Poursuivi pour l’homicide de Bruce Lee, Vinay Nunhoo a été trouvé coupable par le jury des Assises. Suite au verdict, le juge Benjamin Marie Joseph a fixé sa sentence à 18 ans de prison. Il s’avère que Nunhoo avait un antécédent pour agression.
Coupable à huit contre un. C’est le verdict du jury de la cour d’assises qui a été prononcé hier devant le juge Benjamin Marie Joseph contre Satianand Nunhoo, plus connu comme Vinay Nunhoo. La sentence a été prononcée quelques heures après et la Cour d’assises a décidé de le condamner à 18 ans de servitude pénale. Le directeur des poursuites publiques lui intentait un procès pour manslaughter sous les articles 215 et 223 (3) du Code pénal et il avait plaidé non coupable. Mes Rehnu Gowry-Bhurrut (Senior State Counsel), Abdool Raheem Tajoodeen et Selveena Adapen (State Counsels) représentaient la poursuite.
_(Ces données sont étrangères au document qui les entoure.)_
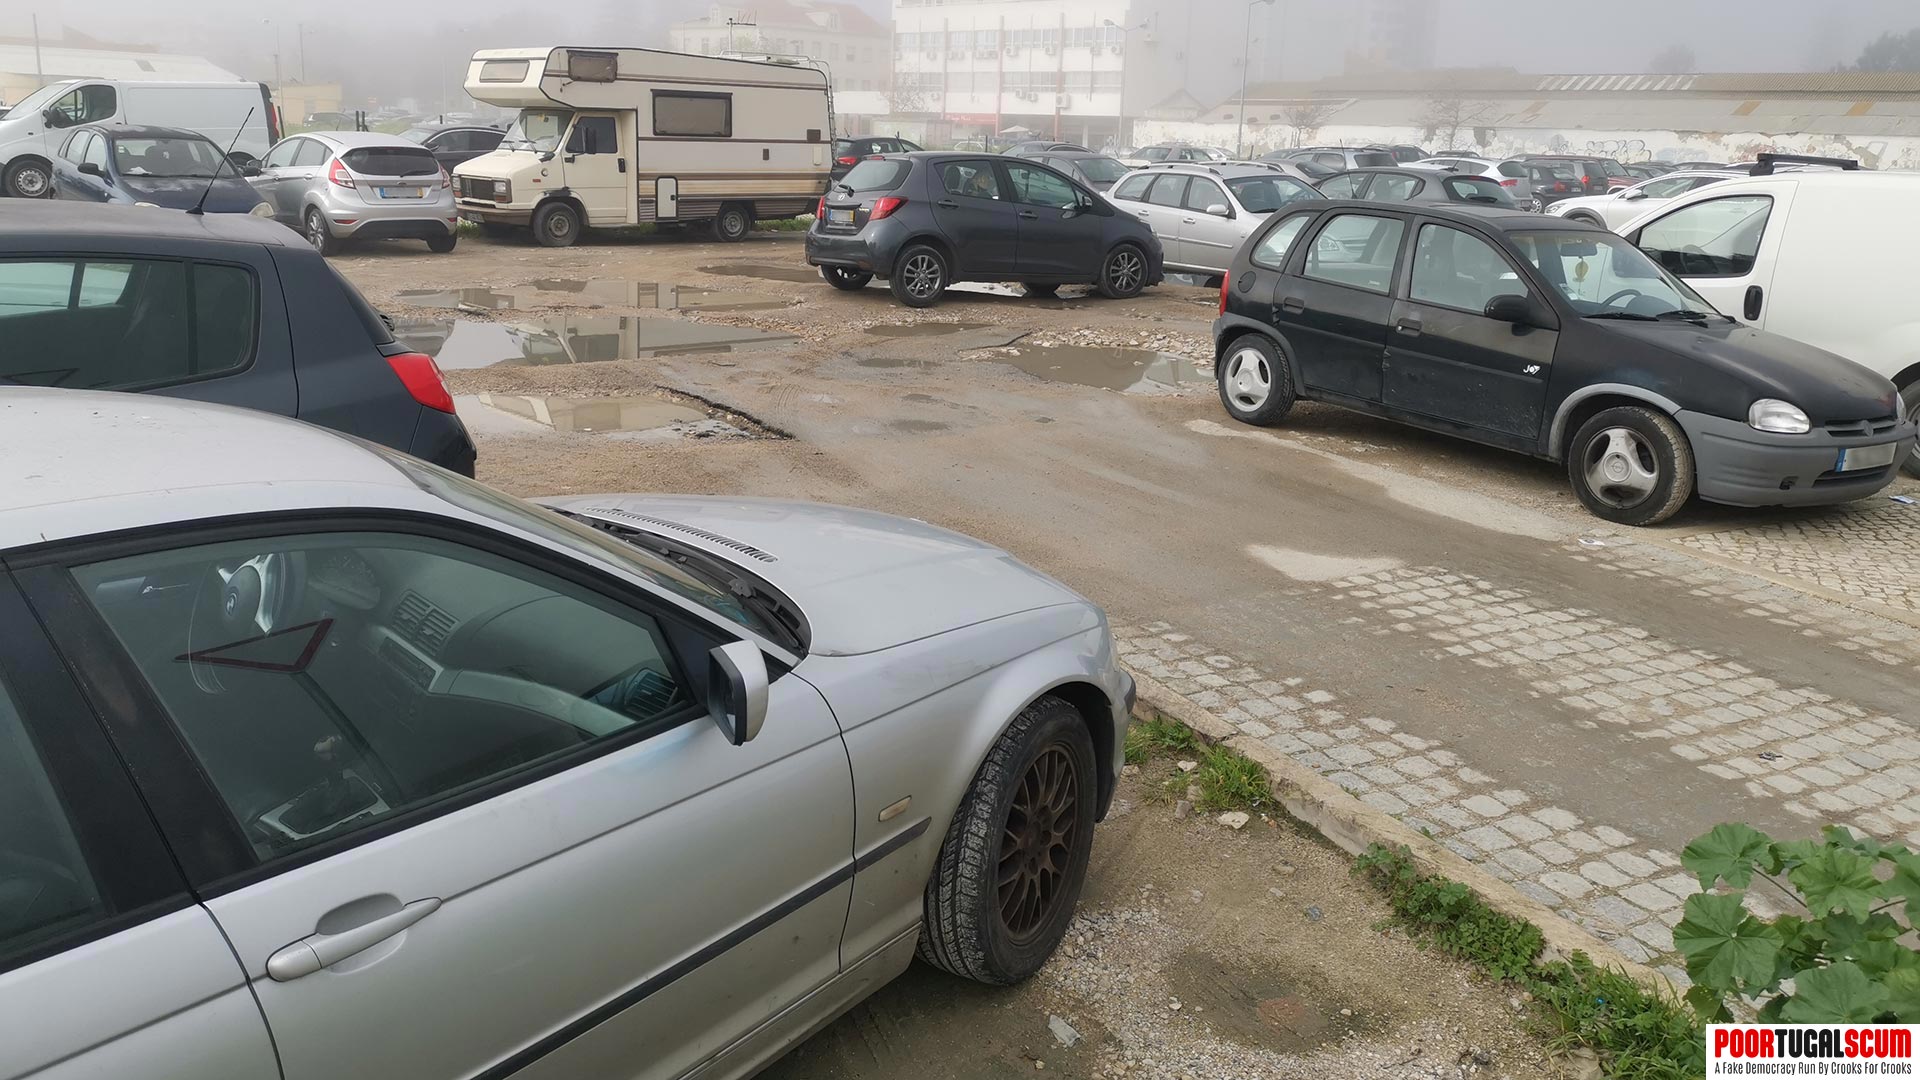 Portuguese car park full of decrepit cars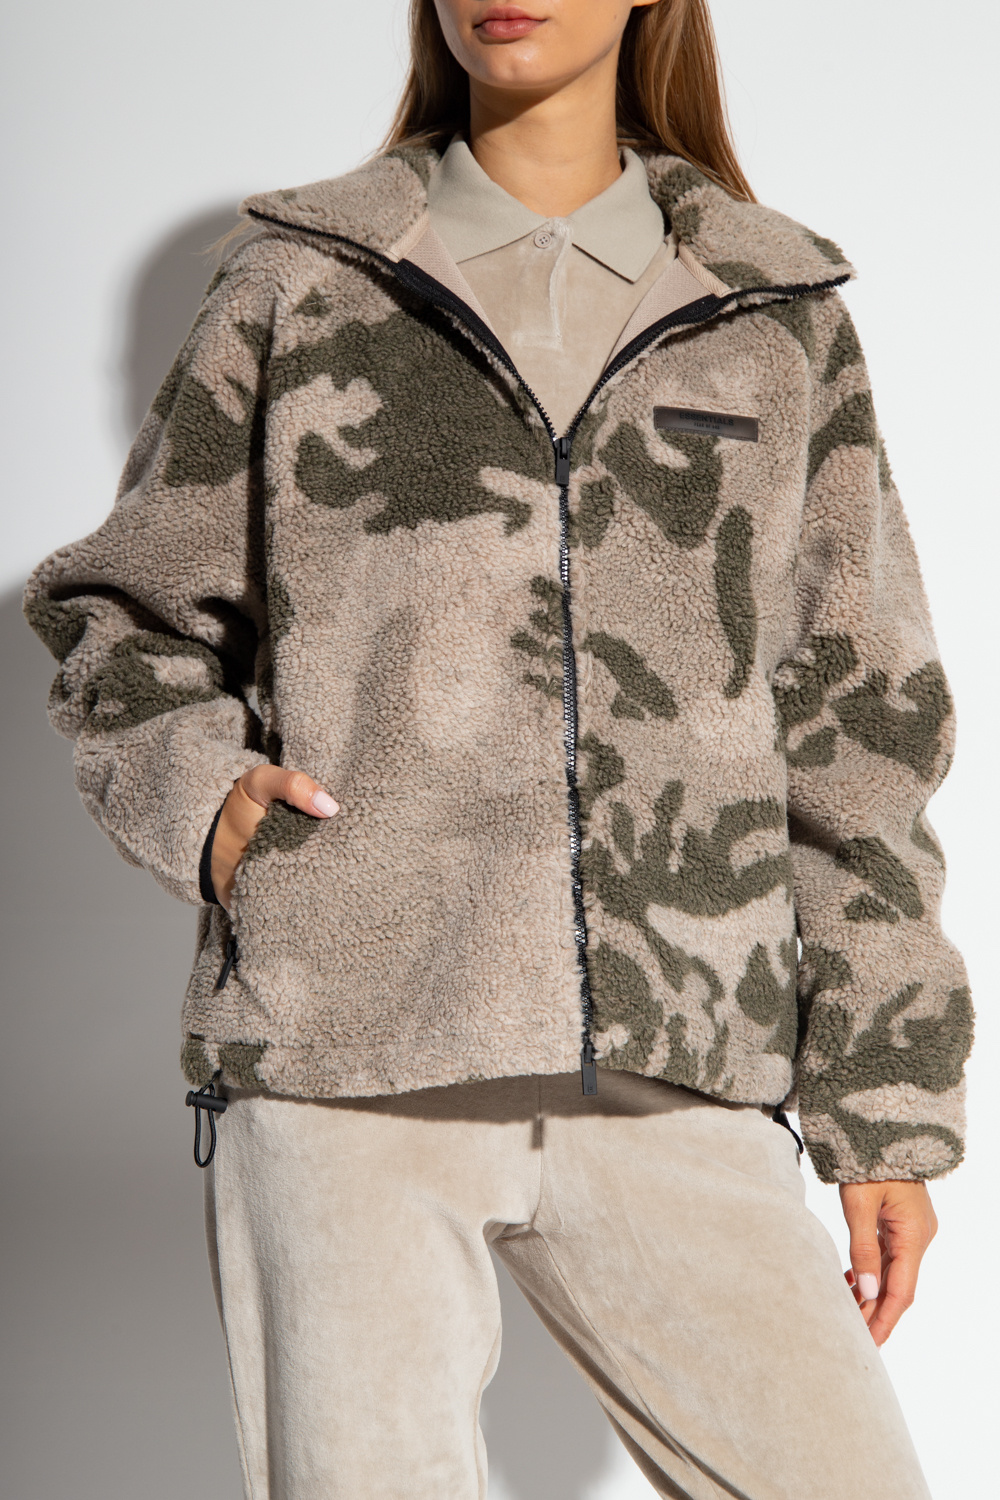 Hervé Léger Clothing - Multicolour Fleece hoodie with camo pattern

L’accusé vit dans la même cour que sa tante mais dans une autre maison quelques mètres plus loin. Selon l’acte d’accusation, Vinay Nunhoo serait entré dans la maison de sa tante Kamla qui entretenait une relation amoureuse avec la victime Jacques Chan Lim Wan, alias Bruce Lee, et aurait battu ce dernier à mort dans les petites heures du matin du 20 décembre 2003. L’arme du crime, un tuyau en métal, a été découverte par le caporal Victoire qui était mandé sur les lieux.
Kamla Nunhoo, tante de l’accusé, a d’ailleurs été appelée par la poursuite pour expliquer ce qui s’est passé. Hésitante par moments, elle a toutefois pu identifier le prévenu comme étant l’agresseur de Bruce Lee. Elle avait aussi été blessée au bras lors de la bagarre.
Vinay Nunhoo, un habitant de Quatre-Bornes, avait retenu les services de Mes Hervé Lassémillante et Draunathrya Ortoo. Lors du procès, contrairement à ce qui a été dit lors de l’enquête préliminaire devant la Cour de Rose-Hill, il a affirmé qu’une entrée dans le Diary Book de la police n’était pas vraie : « Mo dakor ki finn ariv enn grav erer. Mo finn bat Bruce Lee. » Nunhoo a soutenu qu’il n’a jamais dit ces mots. Pourtant cette entrée n’a jamais été contestée avant. Me Gowry-Bhurrut devait soutenir que le prévenu essayait d’inventer une version après 10 ans pour se sortir d’affaire.
Le Dr Satish Boolell était, au moment des faits, médecin légiste de la police. C’est lui qui a autopsié la victime et a révélé qu’il a eu plusieurs blessures sur tout le corps. La mort est survenue à cause d’un coup violent à la tête avec un objet dur causant une fracture au niveau du crâne et une lacération du cerveau. Le juge Benjamin Marie Joseph a précisé au moment de la sentence que les blessures montrent que Bruce Lee a été « sauvagement agressé ». Un fort taux d’alcool a été détecté dans le sang de la victime. Le prévenu aurait difficilement pu se défendre des attaques contre lui.
Au moment de la sentence, le juge Benjamin Marie Joseph a soutenu qu’il fallait envoyer un signal au public avec les crimes qui sont commis de plus en plus souvent. Il a noté qu’il y a eu une absence de remords de la part de l’accusé. Vinay Nunhoo a un antécédent pour une affaire d’agression et il est agent politique. À noter que le législateur avait prévu une sentence allant jusqu’à 20 ans de prison pour ce délit au moment où le crime a été commis. La peine maximale pour ce délit est maintenant de 45 ans.